------ Provided data ------

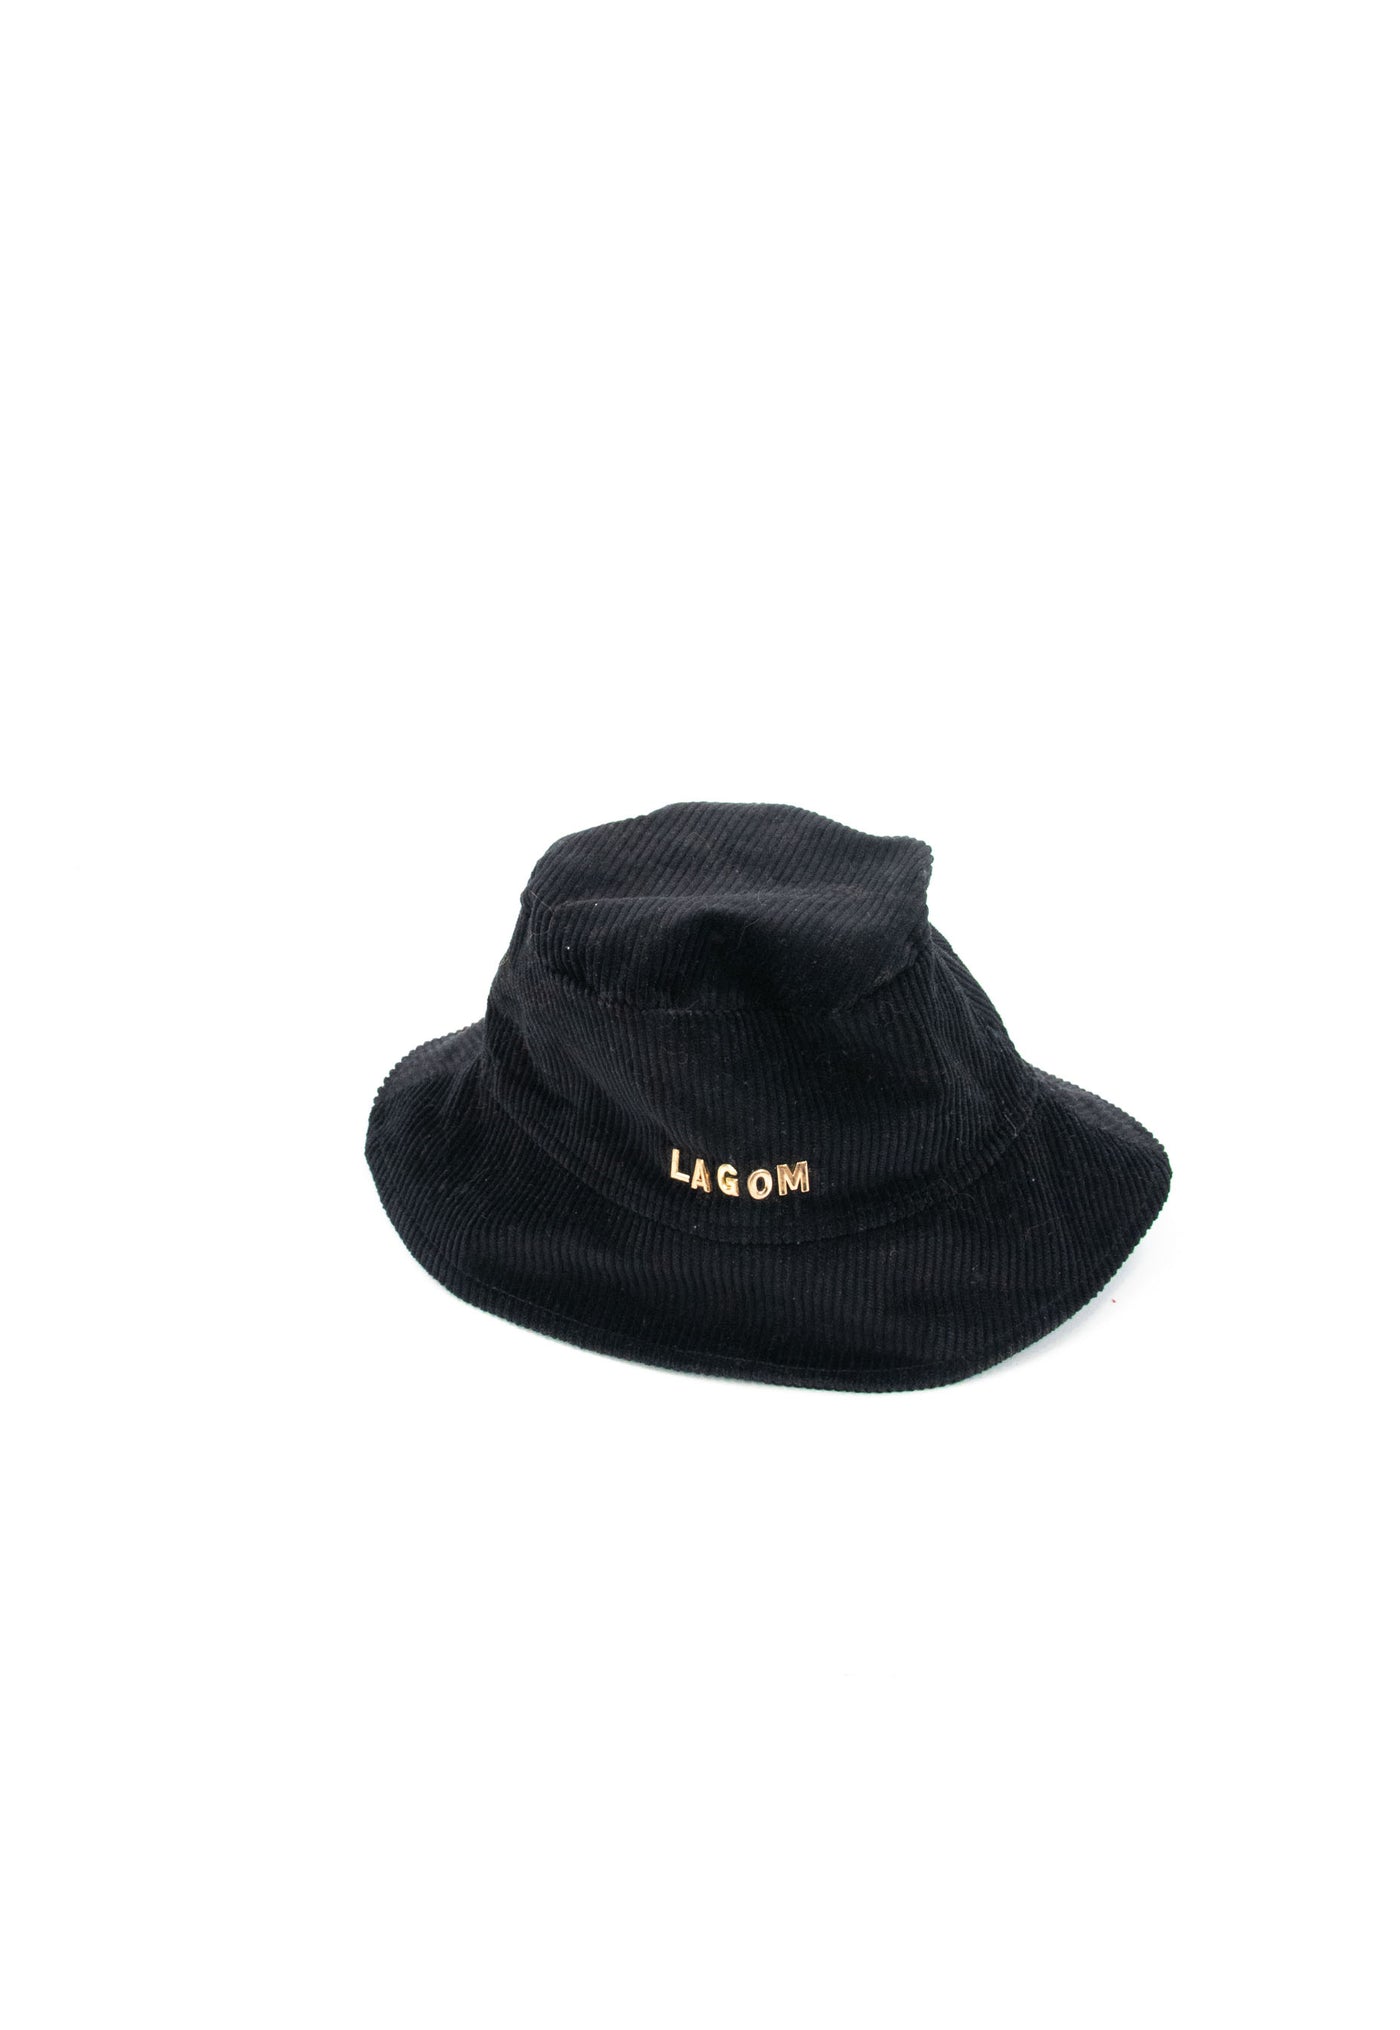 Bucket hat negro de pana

------
------ Provided data ------

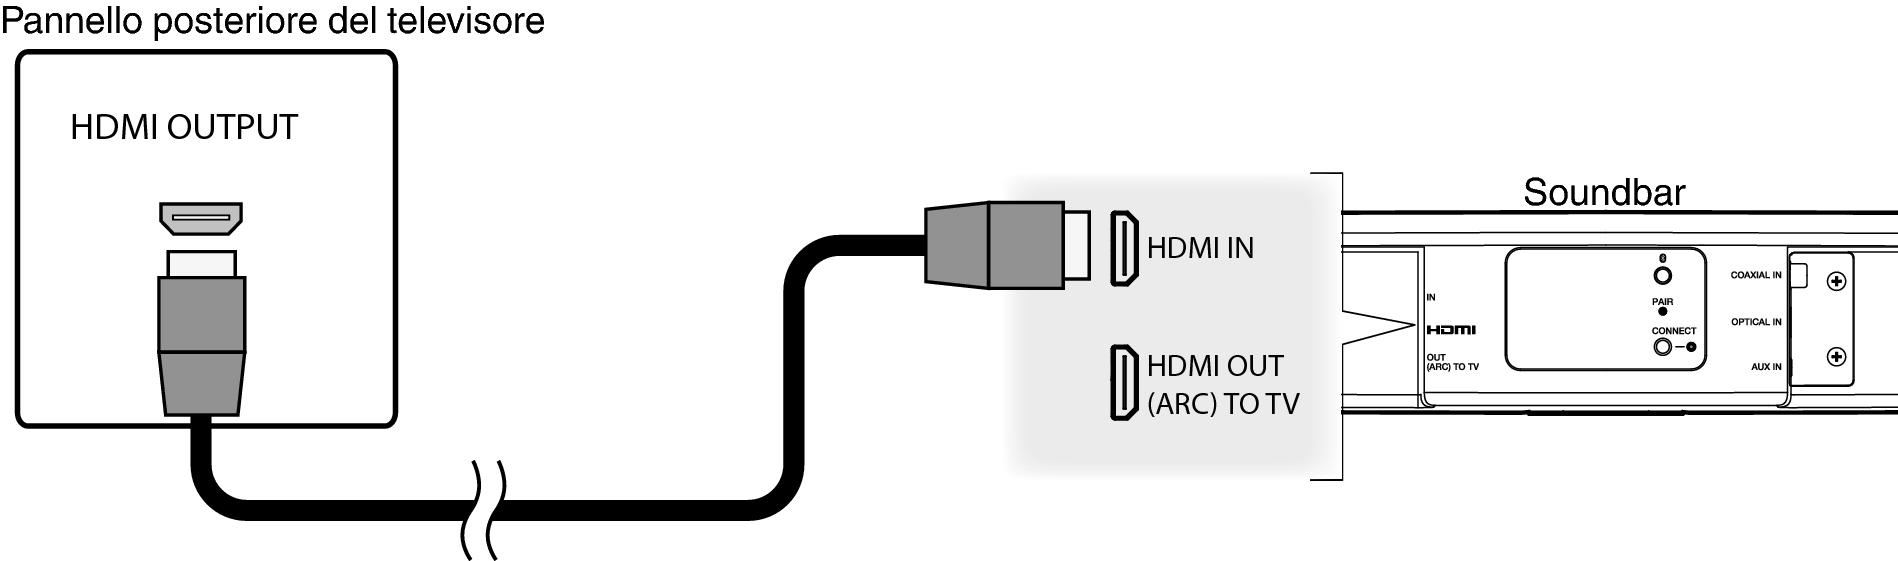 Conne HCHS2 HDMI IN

------
------ Provided data ------

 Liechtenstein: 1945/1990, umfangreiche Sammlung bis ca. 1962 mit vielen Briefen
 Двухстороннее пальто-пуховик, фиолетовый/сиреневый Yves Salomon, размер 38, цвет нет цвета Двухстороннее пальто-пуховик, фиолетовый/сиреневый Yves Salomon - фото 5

------

From the material above, set down exactly the lines between the line holding "Liechtenstein: 1945/1990, umfangreiche" and the line holding "Salomon - фото 5", inclusive. Include nothing else.

= Solution for this problem =
 Liechtenstein: 1945/1990, umfangreiche Sammlung bis ca. 1962 mit vielen Briefen
 Двухстороннее пальто-пуховик, фиолетовый/сиреневый Yves Salomon, размер 38, цвет нет цвета Двухстороннее пальто-пуховик, фиолетовый/сиреневый Yves Salomon - фото 5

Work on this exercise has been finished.